OpenShift Deployment

View as Markdown

Overview

The OpenShift deployment models each OCP operator as two in-tree local Helm charts, following a two-phase lifecycle per component:

  1. Phase 1 — OLM chart (*-ocp-olm): A local Helm chart whose templates contain the OLM resources (Namespace, OperatorGroup, Subscription). Values control channel, version, approval strategy, and source catalog. A readiness gate ensures the operator CSV reaches Succeeded before the next phase deploys.

  2. Phase 2 — CR chart (*-ocp): A local Helm chart whose templates contain the operator’s Custom Resource (e.g., ClusterPolicy, NodeFeatureDiscovery, NicClusterPolicy). Values control the CR spec. Applied after Phase 1 completes via dependencyRefs.

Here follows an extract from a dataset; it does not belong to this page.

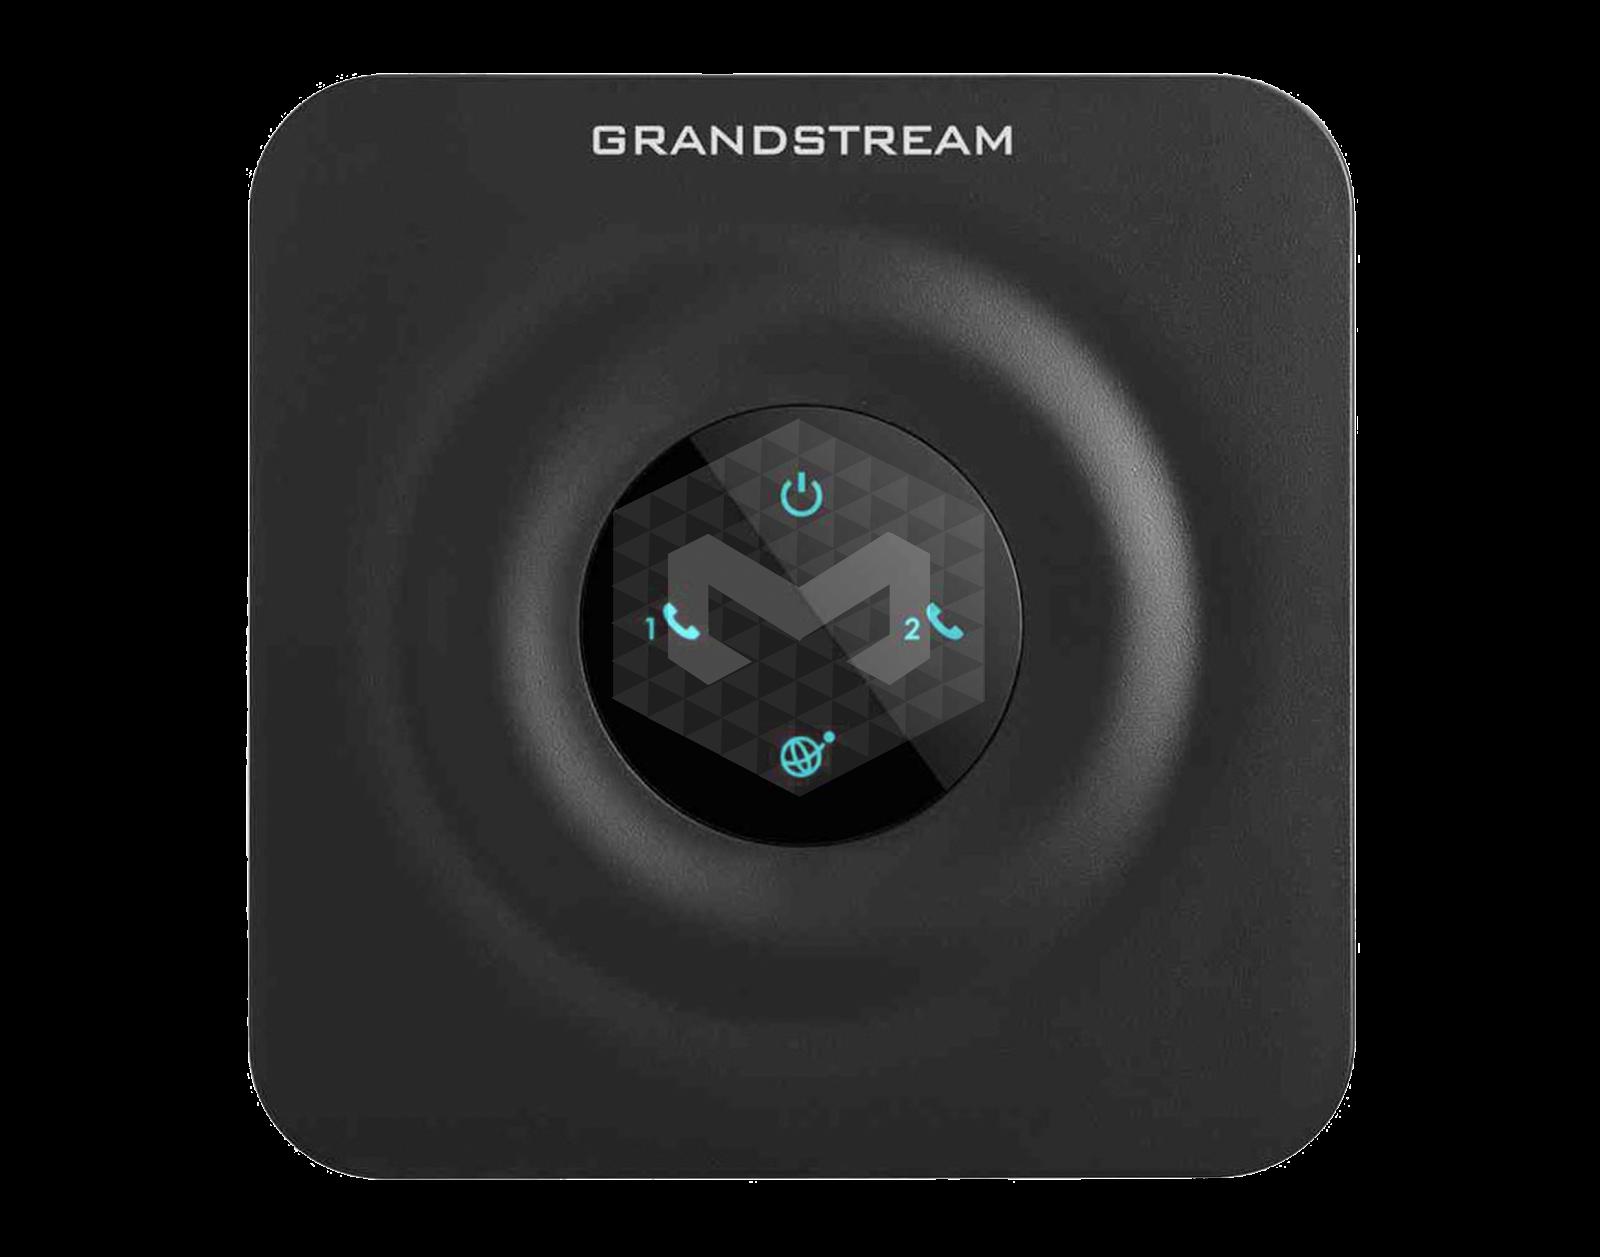 ht802-grandstream-2fxs
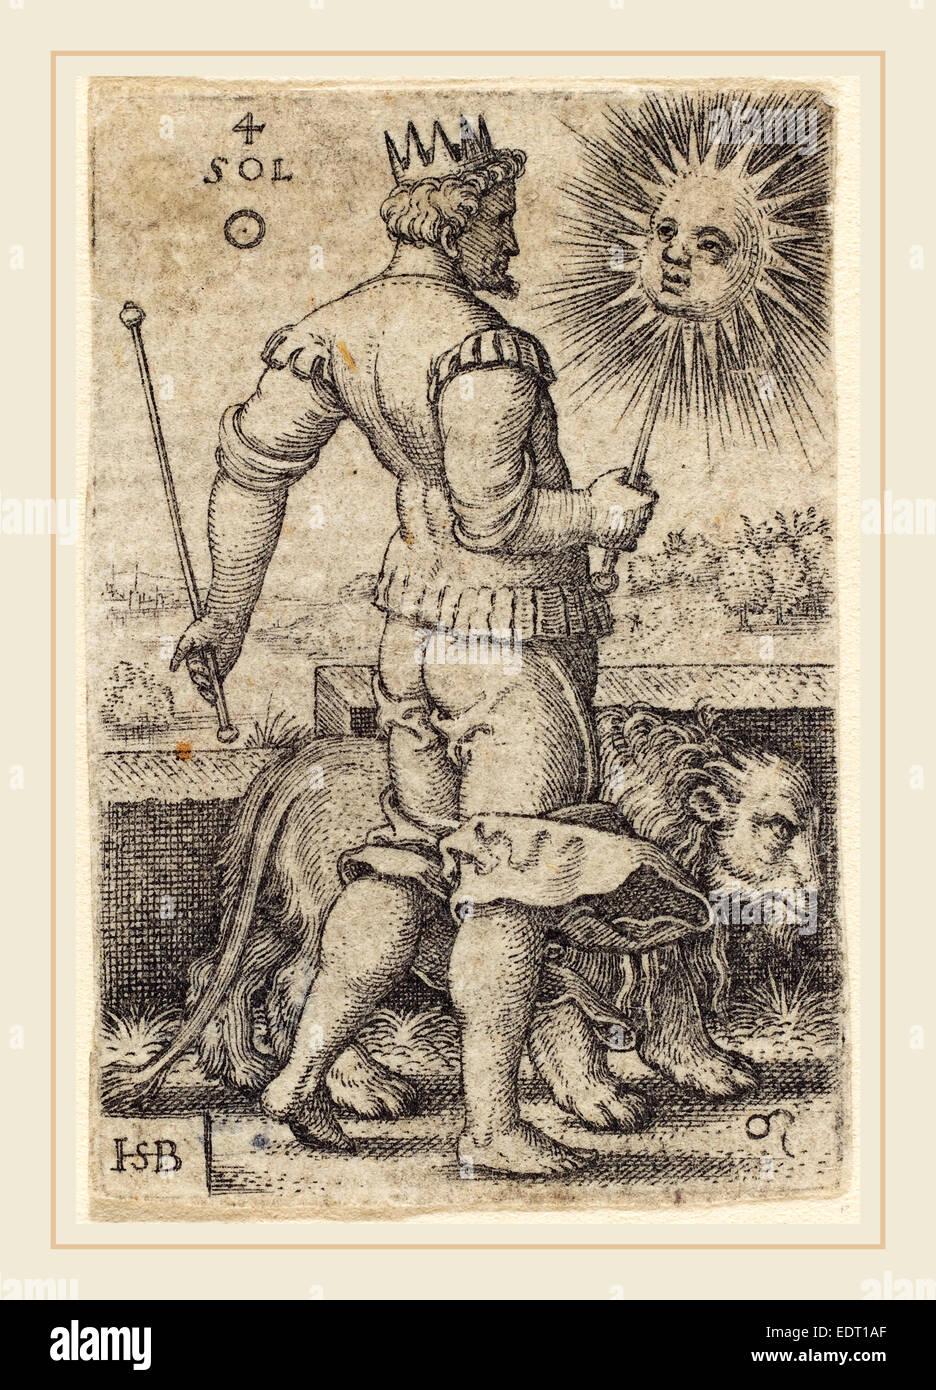 Sebald Beham (German, 1500-1550), Sol, engraving - Stock Image

Every OCP-managed operator follows this same two-phase pattern. As additional operators are added to the OCP overlay, each one is modeled as an *-ocp-olm / *-ocp pair — no new deployment mechanisms are introduced.

Why Helm?

AICR’s entire generation pipeline — recipe resolution, value overrides, bundle rendering, and deployer integration — is built on Helm as its universal packaging format. Rather than introducing a separate OLM-specific code path, the OpenShift support models OLM resources (Subscriptions, OperatorGroups) and operator Custom Resources as standard in-tree Helm chart templates. This means OCP components benefit from the same overlay system, --set value overrides, readiness hooks, and deployer support that every other AICR-managed component uses — without any OLM-specific adapter or deployment logic.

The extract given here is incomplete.